Create the "target mapping", which is `batch_size` x `num_targets` x `seq_length`. Each target should have a `1` for one of the sequence elements, corresponding to which token to try to predict.

In [24]:
target_mapping = torch.zeros((1, 1, input_ids.shape[1]), dtype=torch.float, device=device)  # Shape [1, 1, seq_length] => let's predict one token
target_mapping[0, 0, idx_to_predict] = 1.0  # Our first (and only) prediction
target_mapping

tensor([[[0., 0., 0., 0., 0., 0., 0., 0., 0., 0., 0., 0., 0., 0., 0., 0., 0.,
          0., 0., 0., 0., 0., 0., 0., 0., 0., 0., 0., 0., 0., 0., 0., 0., 0.,
          0., 0., 0., 0., 0., 0., 0., 0., 0., 0., 0., 0., 0., 0., 0., 0., 0.,
          0., 0., 0., 0., 0., 0., 0., 0., 0., 0., 0., 0., 0., 0., 0., 0., 0.,
          0., 0., 0., 0., 0., 0., 0., 0., 0., 0., 0., 0., 0., 0., 0., 0., 0.,
          0., 0., 0., 0., 0., 0., 0., 0., 0., 0., 0., 0., 0., 0., 0., 0., 0.,
          0., 0., 0., 0., 0., 0., 0., 0., 0., 0., 0., 0., 0., 0., 0., 0., 0.,
          0., 0., 0., 0., 0., 0., 0., 0., 0., 0., 0., 0., 0., 0., 0., 0., 0.,
          0., 0., 0., 0., 0., 0., 0., 0., 0., 0., 0., 0., 0., 0., 0., 0., 0.,
          0., 0., 0., 0., 0., 0., 0., 0., 0., 0., 0., 0., 0., 0., 0., 0., 1.,
          0., 0., 0.]]], device='cuda:0')

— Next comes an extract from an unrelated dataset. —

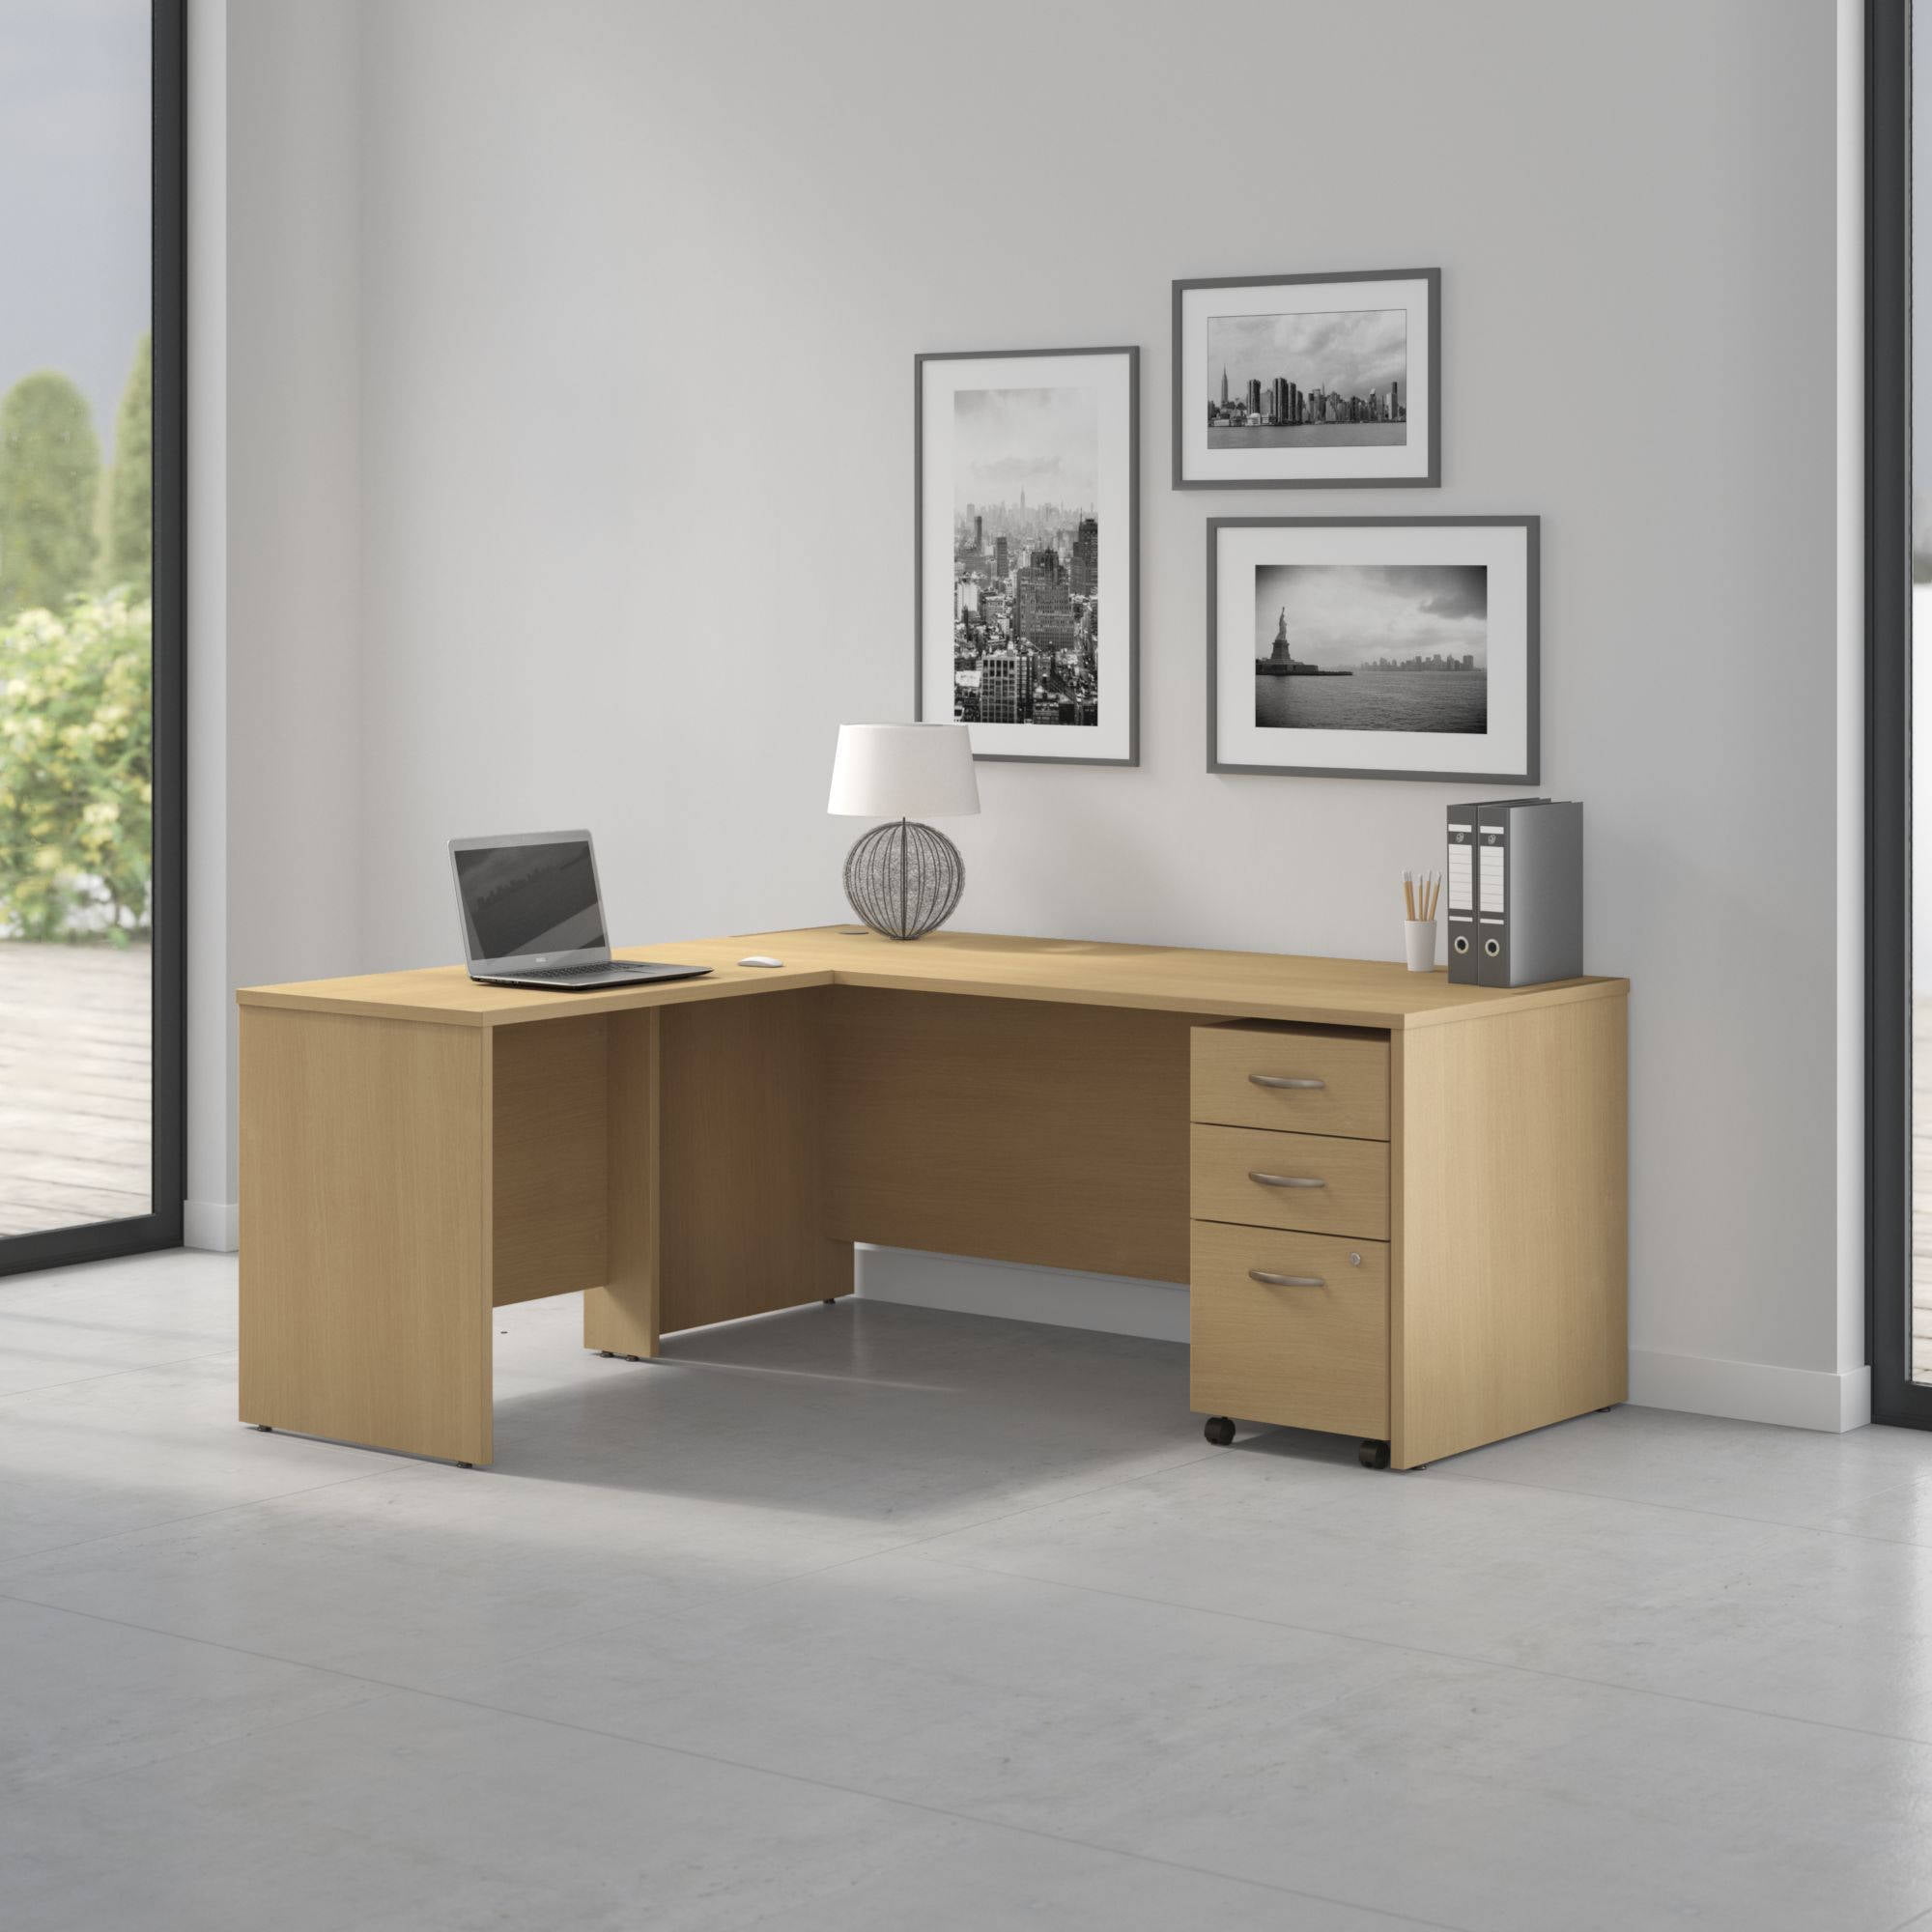 L Shaped Desk With Pedestal | vlr.eng.br

Now call the model. It returns the next token logits, and other data if we ask but we didn't.

In [25]:
with torch.no_grad():
    outputs = model(input_ids, perm_mask=perm_mask, target_mapping=target_mapping)
outputs

(tensor([[[ -2.7657, -11.9402, -11.9371,  ...,  -9.3074,  -9.3252, -10.9300]]],
        device='cuda:0'),)

In [26]:
next_token_logits = outputs[0]  # Output has shape [target_mapping.size(0), target_mapping.size(1), config.vocab_size]

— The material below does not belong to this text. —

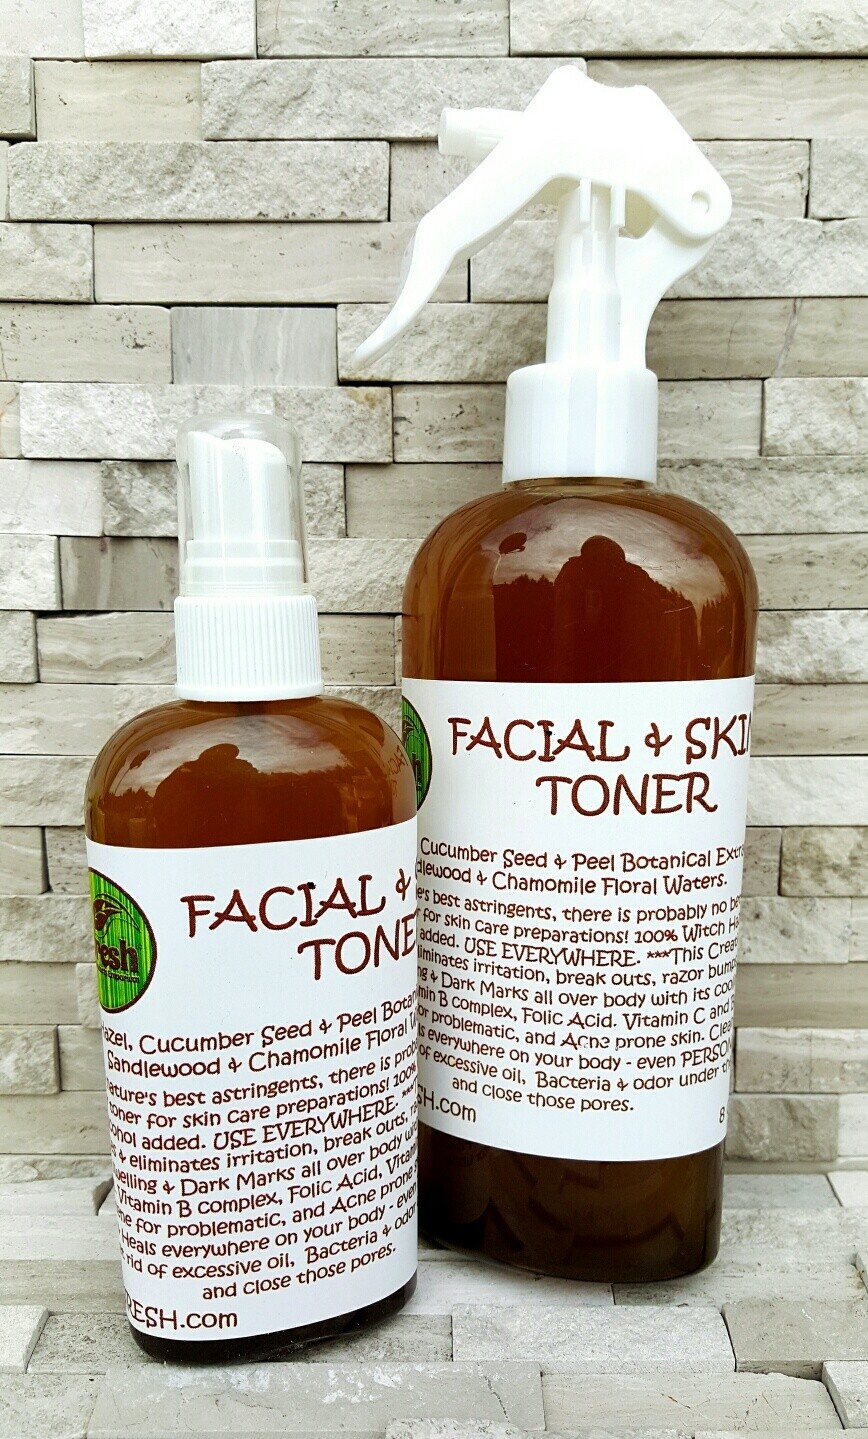 Facial & Skin Toner

Predictions for filling in that blank:

In [27]:
tokenizer.convert_ids_to_tokens(next_token_logits[0, 0].topk(30).indices)

['▁name',
 '▁dog',
 '▁avatar',
 '▁cat',
 '▁son',
 '▁blog',
 '▁picture',
 '▁friend',
 '▁daughter',
 '▁boy',
 '▁wife',
 '▁baby',
 '▁brother',
 '▁puppy',
 '▁face',
 '▁girl',
 '▁husband',
 '▁hair',
 '▁website',
 '▁boyfriend',
 '▁sister',
 '▁nephew',
 '▁guy',
 '▁kitten',
 '▁character',
 '▁site',
 '▁child',
 '▁photo',
 '▁post',
 '▁girlfriend']

You can check for yourself that the predictions don't change if you change the "masked" token.